» **EXERCISE DIRECTIONS**: Repeat precisely the span of lines below that opens with the line containing "Area and facilities" and closes with the line containing "Example of a", both included.
BEGIN DATA SHOWN
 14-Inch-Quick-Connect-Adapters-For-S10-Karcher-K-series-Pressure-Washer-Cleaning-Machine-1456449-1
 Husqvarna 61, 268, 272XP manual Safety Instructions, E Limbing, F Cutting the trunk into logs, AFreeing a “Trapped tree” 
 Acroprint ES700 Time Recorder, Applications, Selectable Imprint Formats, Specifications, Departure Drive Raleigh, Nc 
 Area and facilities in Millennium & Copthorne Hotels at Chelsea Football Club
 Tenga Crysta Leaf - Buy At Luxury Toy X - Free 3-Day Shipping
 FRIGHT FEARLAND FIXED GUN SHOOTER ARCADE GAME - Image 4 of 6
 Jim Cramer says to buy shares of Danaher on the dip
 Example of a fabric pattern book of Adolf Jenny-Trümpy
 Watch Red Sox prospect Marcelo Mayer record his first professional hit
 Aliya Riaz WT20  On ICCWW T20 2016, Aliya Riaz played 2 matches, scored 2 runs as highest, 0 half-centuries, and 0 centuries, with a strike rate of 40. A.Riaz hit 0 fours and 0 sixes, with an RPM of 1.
END DATA SHOWN
» **TASK RESPONSE**:
 Area and facilities in Millennium & Copthorne Hotels at Chelsea Football Club
 Tenga Crysta Leaf - Buy At Luxury Toy X - Free 3-Day Shipping
 FRIGHT FEARLAND FIXED GUN SHOOTER ARCADE GAME - Image 4 of 6
 Jim Cramer says to buy shares of Danaher on the dip
 Example of a fabric pattern book of Adolf Jenny-Trümpy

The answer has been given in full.